Walk­ing through streets of Itae­won in 1968

The Korea Times - - FOREIGN COMMUNITY - By Martin Li­mon Martin Li­mon is a full-time writer who re­tired from the army with 20 years of mil­i­tary ser­vice, 10 of which he spent in Korea. The lat­est of his nov­els is “GI Con­fi­den­tial.” Visit Soho Press for more in­for­ma­tion.

In 1968, leav­ing Yongsan Gar­ri­son and head­ing to­ward Itae­won, meant walk­ing on a road GIs called the Main Sup­ply Route. One would im­me­di­ately meet a group of boys shout­ing “Ten Won! Ten Won!” If you didn’t hand them a coin they’d soon lose in­ter­est and move on to the next GI.

At the first road cross­ing stood the Coul­ter Statue, a stone ed­i­fice of a U.S. gen­eral who’d served dur­ing the 1950-53 Korean War and had ap­par­ently greatly im­pressed Pres­i­dent Syn­g­man Rhee.
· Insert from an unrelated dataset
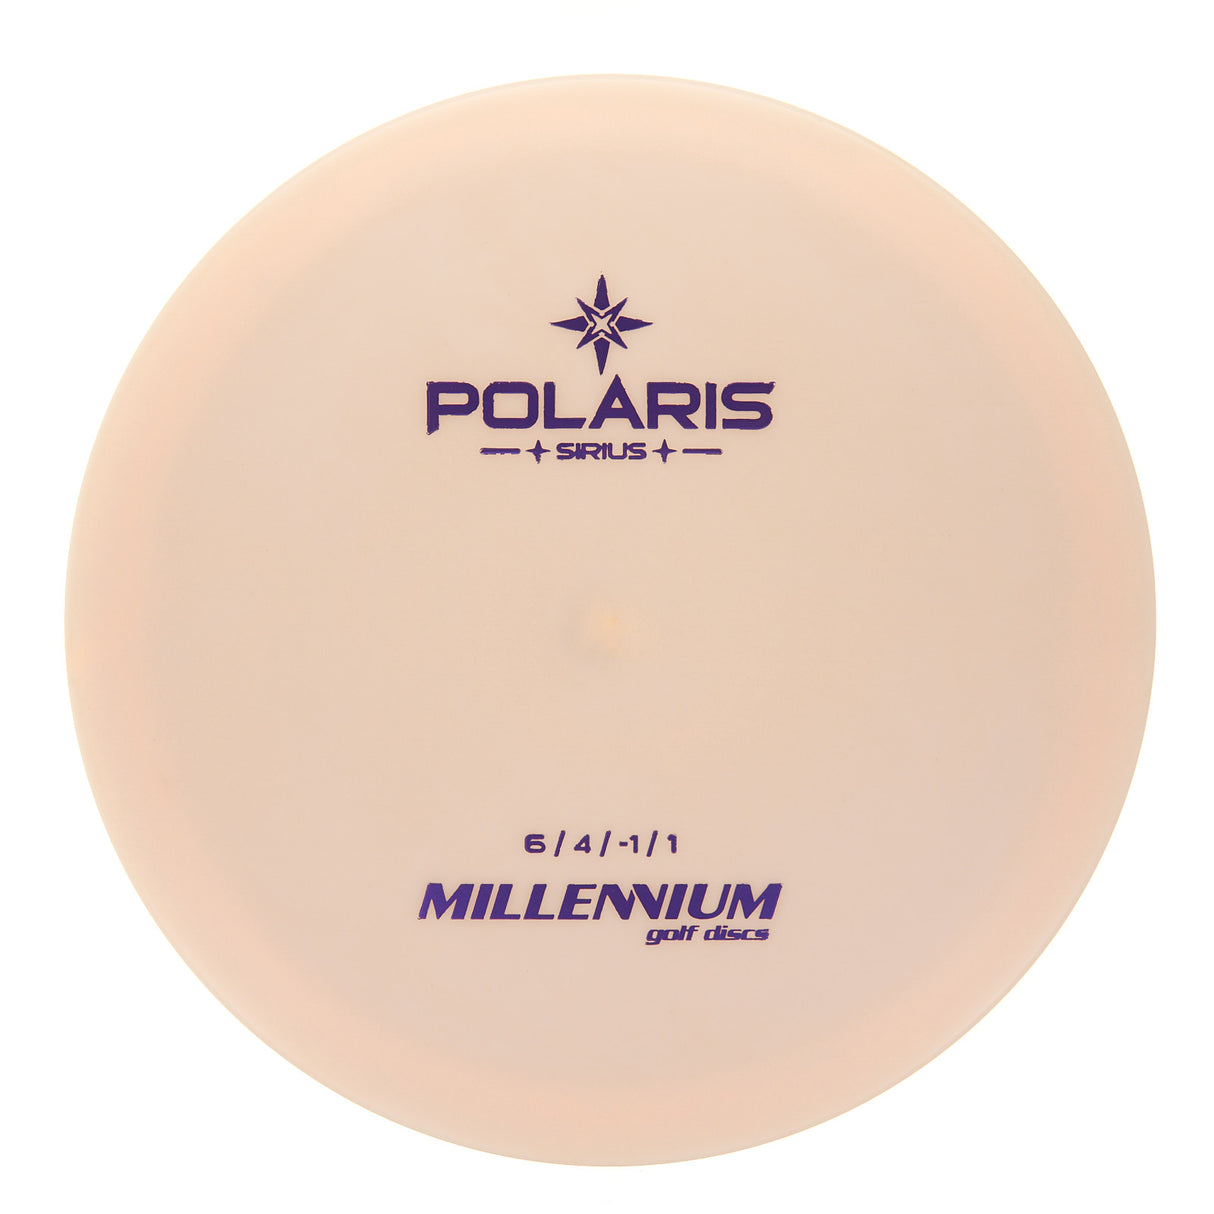 Millennium Polaris LS - Sirius 170g | Style 0002

Traf­fic was mild dur­ing the day and al­most non-ex­is­tent at night. That would change a few years later when Nam­san Tun­nel 3 was opened. The Coul­ter Statue was taken down to make way for a traf­fic con­trol sys­tem.

In those pre-eco­nomic boom days, the stroll to­ward Itae­won would not take you through a shop­ping area. Only an open-fronted fruit stand where — with hand ges­tures and prof­fered coins — one could pur­chase a banana or a pear.

At night, wooden shacks with dirt floors and pot-bel­lied space heaters sold mak­ge­olli and snacks. The Hamil­ton Ho­tel did not yet stand.

In those days (if mem­ory serves) there were only six night­clubs in Itae­won: U.N. Club, Seven Club, King Club, Grand Old Opry Club, Dou­ble Oh Seven Club and one more at the top of the hill be­yond the Grand Old Opry, the name of which I can’t re­mem­ber.

How­ever, in the 1970s that club was pur­chased by two men who’d met while fight­ing in Viet­nam: Sam Yu and Rich Shar­land. They re­mod­eled it, threw in a few bales of hay, hired some ex­tremely tal­ented Korean mu­si­cians and trans­formed it into the leg­endary coun­try-west­ern honky-tonk known as Sam’s Club.

As I ap­proached the U.N. Club, the door swung open and a young boy bowed and said, “Oso os­eiyo,” or please come in. In­side it was cozy and staffed by a male bar­tender in white shirt and bowtie and about a dozen at­trac­tive cock­tail wait­resses, all wear­ing the same smock-like out­fit. The cus­tomers were Amer­i­can GIs, no one else. Hang­ing be­side the bar was an of­fi­cial-look­ing plaque with the em­blem of the Korean Tourist As­so­ci­a­tion. Only “tourists” were al­lowed into the bars and night­clubs of Itae­won. And since at the time tourism in South Korea was al­most non-ex­is­tent, the only “tourists” were Amer­i­can sol­diers.

I paid 90 won for a brown bot­tle of OB Beer. The ex­change rate at that time was about 300 won for one U.S. dol­lar, so about 30 cents. It was a 12 ounce bot­tle, the type served in the des­ig­nated “tourist” es­tab­lish­ments. Else­where, beer was served in liter bot­tles since, I sup­pose, only for­eign­ers are crazy enough to drink alone.

I found out how se­ri­ously the Kore­ans took the “tourists only” rule once when two Korean busi­ness­men in suits pa­raded into the King Club. The GIs paid them no mind but the Korean floor man­ager ap­proached them and even though I couldn’t un­der­stand what was said it was clear he was telling them to leave.

The busi­ness­men protested. Fis­ticuffs broke out and with the aid of some of the other male staff, the of­fend­ing in­ter­lop­ers were pushed back out through the dou­ble swing­ing doors. As weird as it sounds to­day, in those days Kore­ans weren’t al­lowed into cer­tain es­tab­lish­ments in their own coun­try. I be­lieve the Park Chung-hee gov­ern­ment did this in the for­lorn hope of keep­ing in­ci­dents be­tween U.S. ser­vice­men and Korean civil­ians to a min­i­mum.